▶ **What needs to be done**:
Copy only the lines from the one containing "Eine Tischlampe aus" through the final line of the records below, exactly as written, with no pictures.

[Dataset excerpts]
---

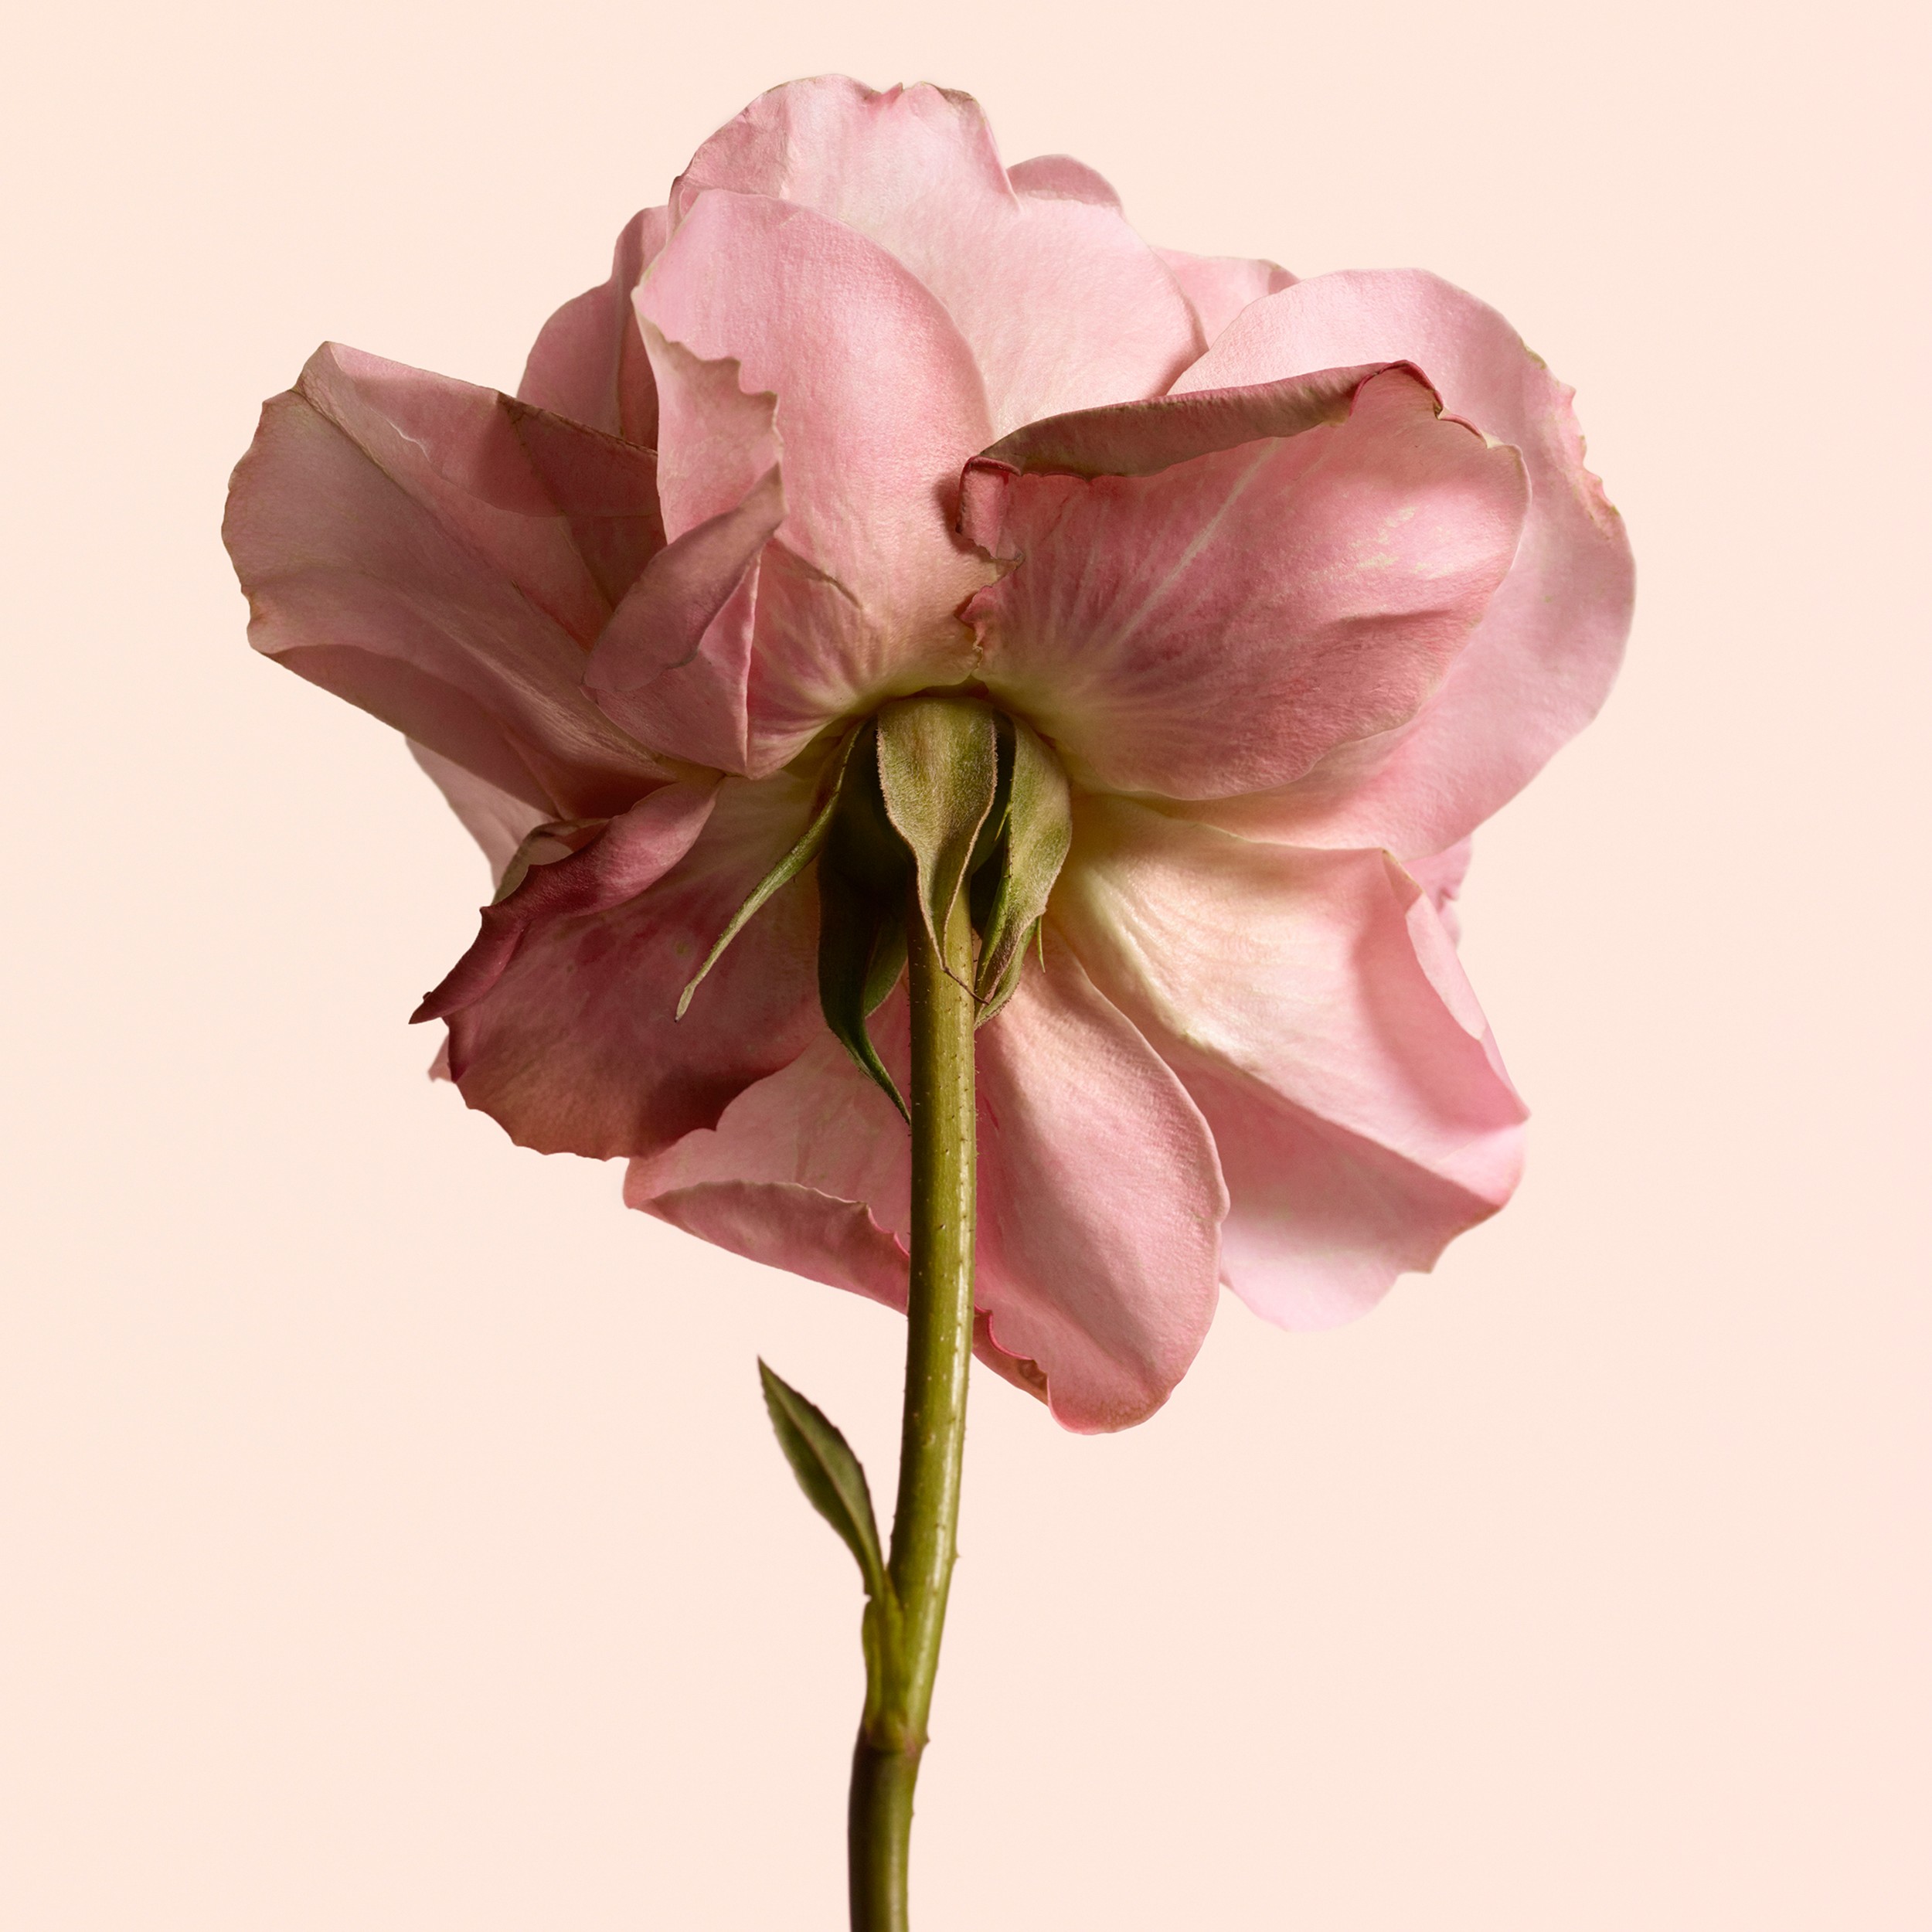 Burberry Signatures Eau de Parfum de 100 ml - Tudor Rose | Burberry® oficial - 4
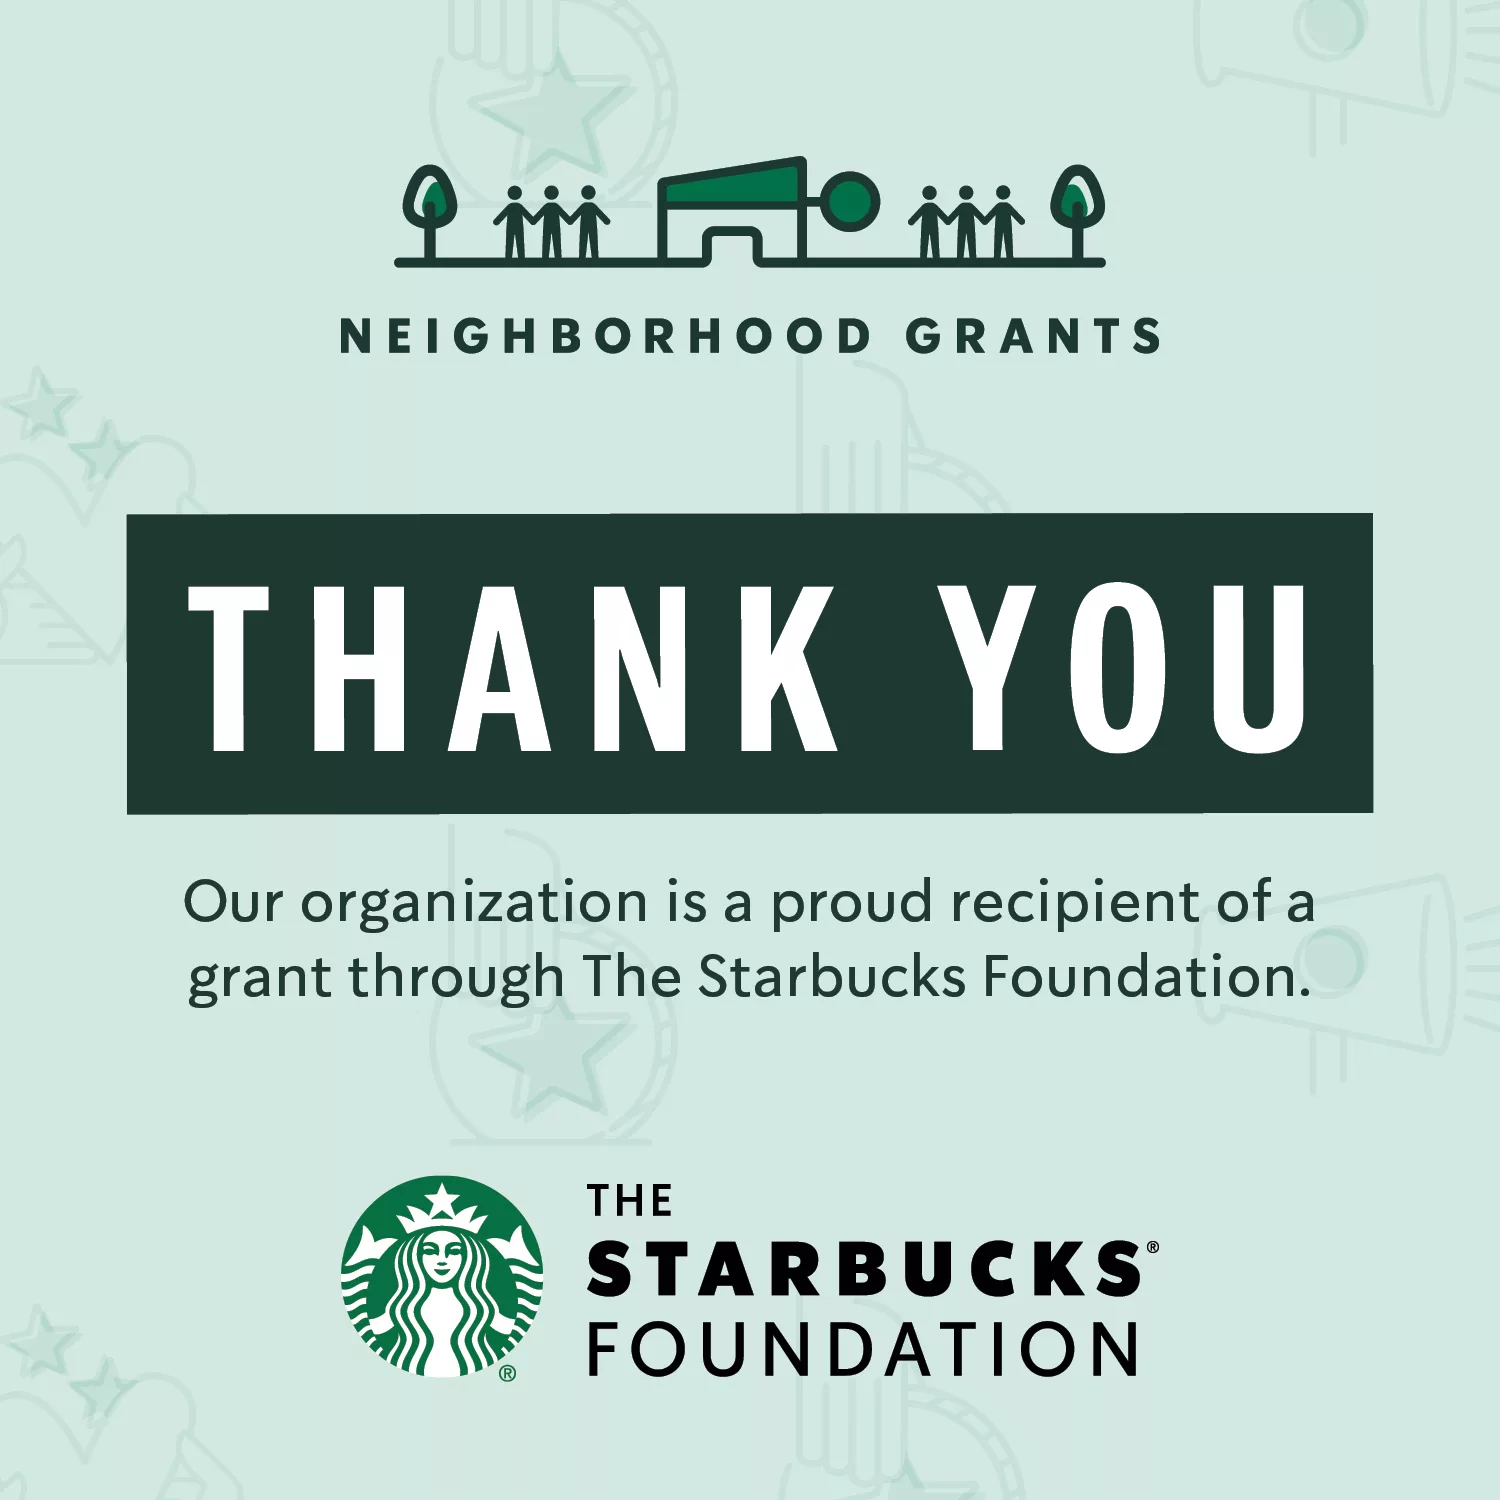 Emily’s Hope selected for The Starbucks Foundation Neighborhood Grant
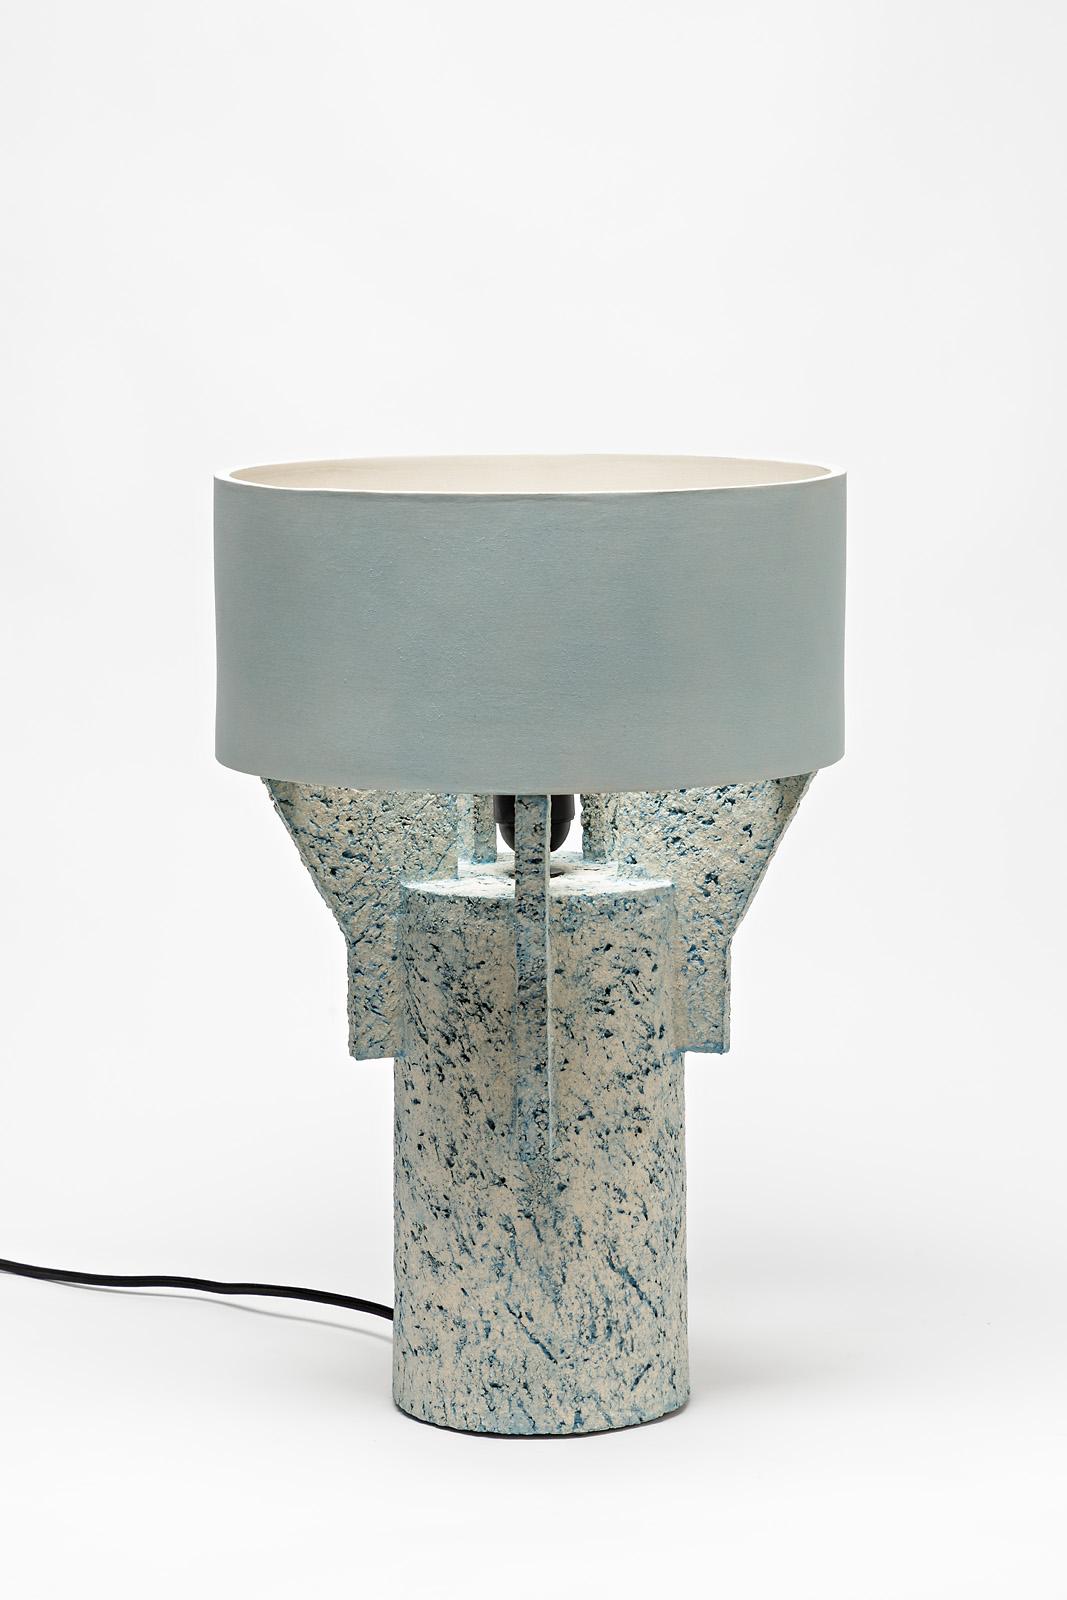 Eine Tischlampe aus Keramik von Denis Castaing mit blauer Glasur.
Der Sockel und der Lampenschirm sind aus Keramik.
Wird mit einer europäischen elektrischen Anlage verkauft.
Perfekter Originalzustand.
2019.
Unter dem Sockel signiert.

---

▶ **Your solution**:
 Eine Tischlampe aus Keramik von Denis Castaing mit blauer Glasur.
Der Sockel und der Lampenschirm sind aus Keramik.
Wird mit einer europäischen elektrischen Anlage verkauft.
Perfekter Originalzustand.
2019.
Unter dem Sockel signiert.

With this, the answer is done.